Pronto se vieron las imágenes de la implementación de la primera estrategia, agentes de la Patrulla Fronteriza persiguiendo a caballo y agrediendo a las personas migrantes. Las imágenes claramente violentas buscan intimidar a quienes migran, y son la materialización por la fuerza del “no vengan” pronunciado por la vicepresidenta Kamala Harris en su visita a Guatemala meses atrás. Es un mensaje directo y ejemplarizante para todos. México, por su parte, hizo lo mismo semanas atrás en la frontera sur -como lo documentó el Colectivo de Monitoreo del que hacen parte organizaciones de la RJM-, e incluso la mañana del 23 de septiembre inició una redada en el campamento que se encuentra al otro lado de Del Rio amenazando con la expulsión de todos aquellos que no cuenten con los documentos para estar en el país, y días antes había anunciado vuelos de deportación desde Saltillo.

Fuente: web

Es importante recordar que las condiciones históricas de la isla en términos sociales, políticos y económicos complejizan la atención e integración de ciudadanos que habían migrado años atrás fuera de Haití. Situación a la que se suma el reciente terremoto que devastó una parte al sur del país y los efectos del COVID-19. En pocas palabras, la migración haitiana es una migración forzada y en términos humanitarios debería requerir la asistencia y protección de la comunidad internacional, y bajo los estándares de derechos humanos, por sus características, debería acceder a solicitar protección internacional, derecho que le está siendo negado.


El gobierno de Biden-Harris insiste en darle continuidad al Título 42, una política que atenta contra la vida e integridad de los migrantes, como lo hemos dicho antes. A pesar que en campaña prometieron terminar con las políticas de Trump, en la práctica las mantienen a su acomodo y de acuerdo con el juego de intereses electorales. La actuación de las autoridades fronterizas, discriminatoria y racista, contradicen el rechazo de Washington a la violencia policial contra las comunidades negras (#HaitianLivesMattersToo). Así lo deja ver la renuncia del Enviado especial para Haití, Daniel Foote, recordando que más impactos negativos en Haití tienen consecuencias sobre Estados Unidos y sus vecinos.


Por último, vale la pena resaltar que esto es solo la punta del iceberg migratorio en la región y del que la comunidad internacional parece desentenderse.
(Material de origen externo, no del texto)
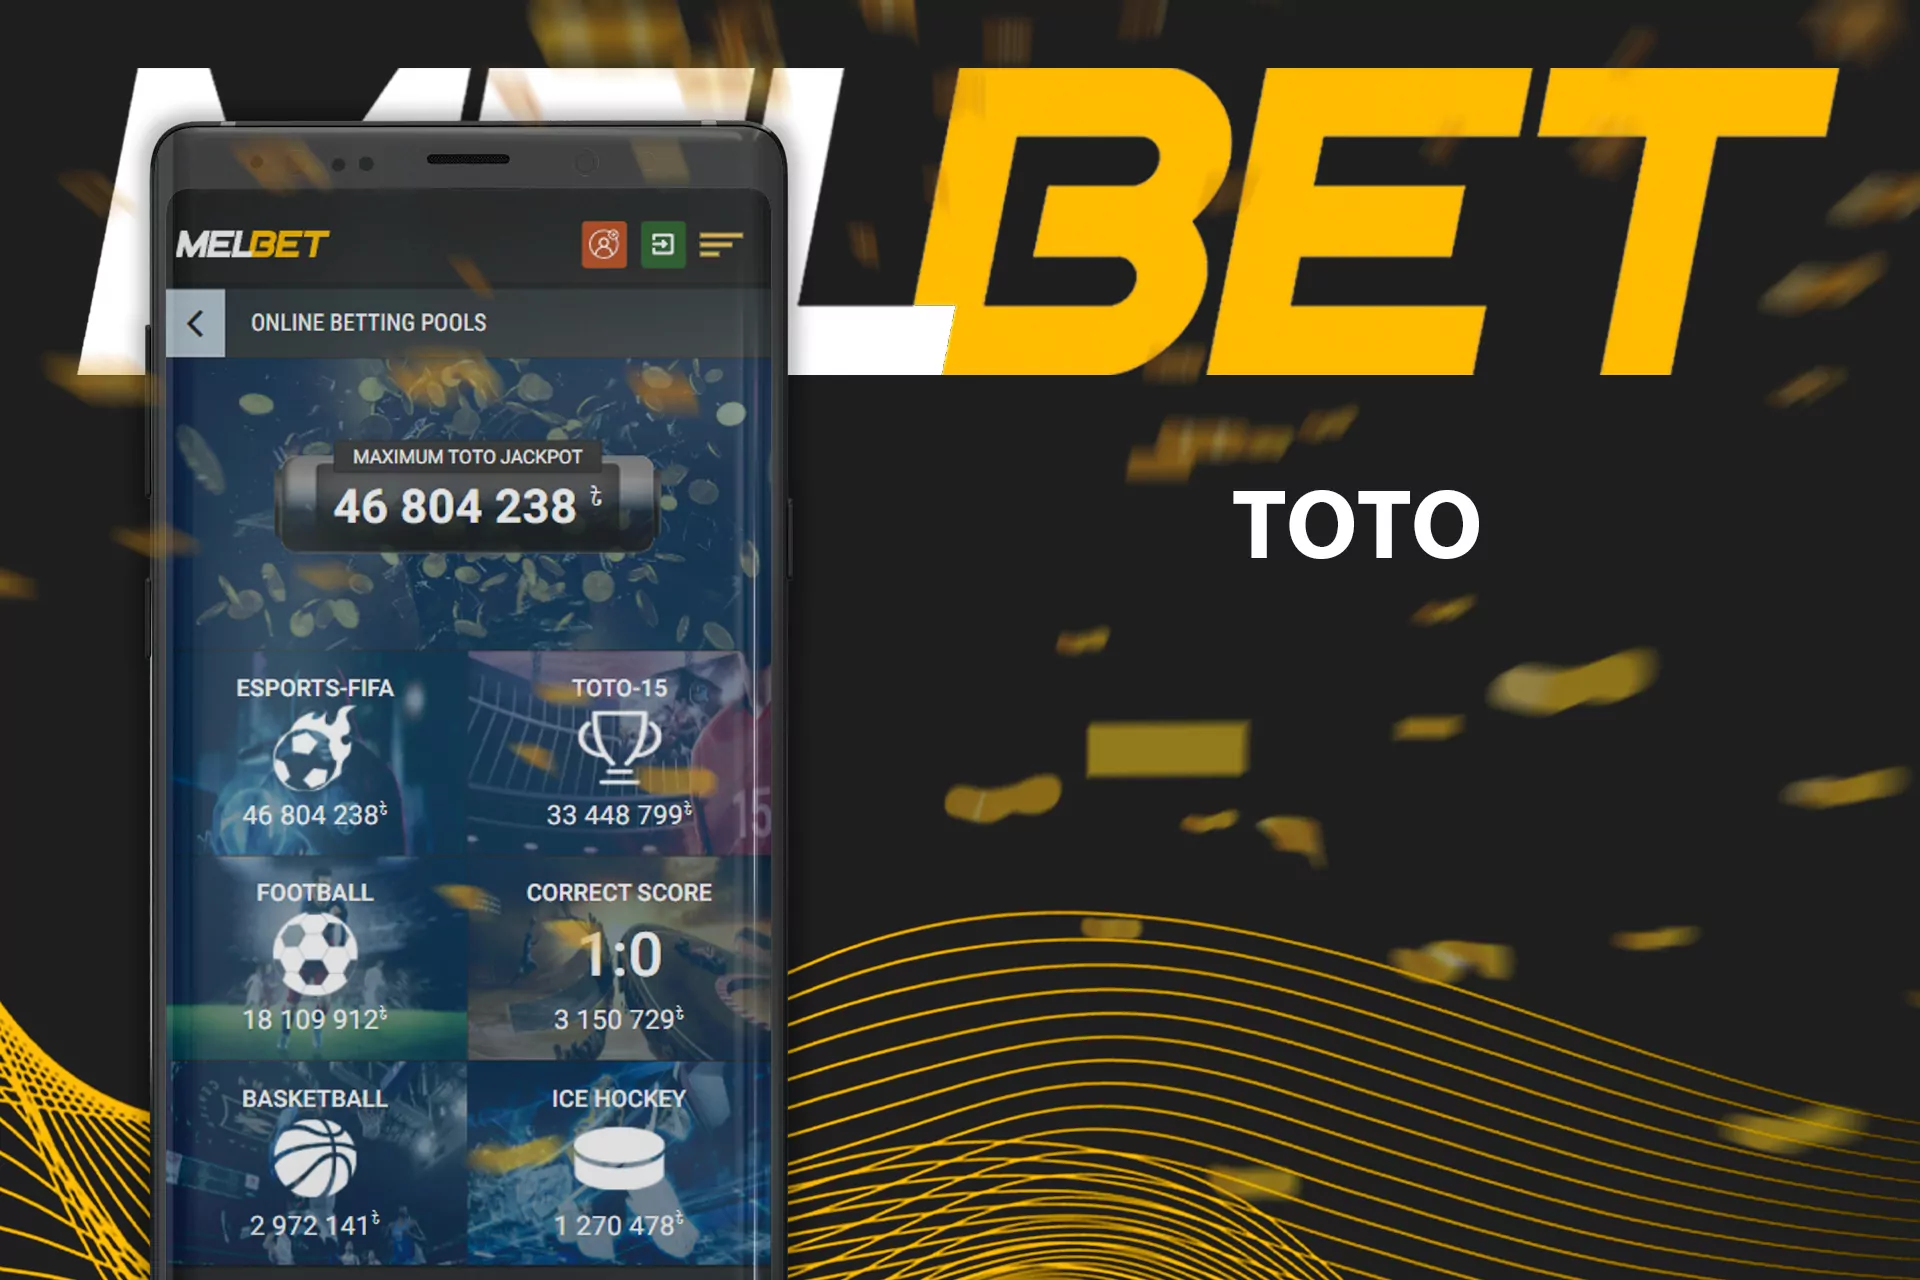 Play TOTO games in the Melbet casino and win a jackpot.

Muchas personas migrantes siguen saliendo del sur del continente y se encuentran varadas en fronteras como la colombo-panameña esperando a continuar su tránsito al norte del continente. Panamá registra 80.000 migrantes que han cruzado durante el 2021, mientras que en el lado colombiano aun se encuentran a la espera de continuar el viaje entre 14.000 y 18.000 personas.


A dos días de conmemorar la Jornada Mundial de las Migraciones recordamos el llamado del Papa Francisco de abrirnos “Hacia un NOSOTROS cada vez más grande” en el que la hospitalidad y la acogida a las personas migrantes sean el centro de las respuestas comunitarias y políticas.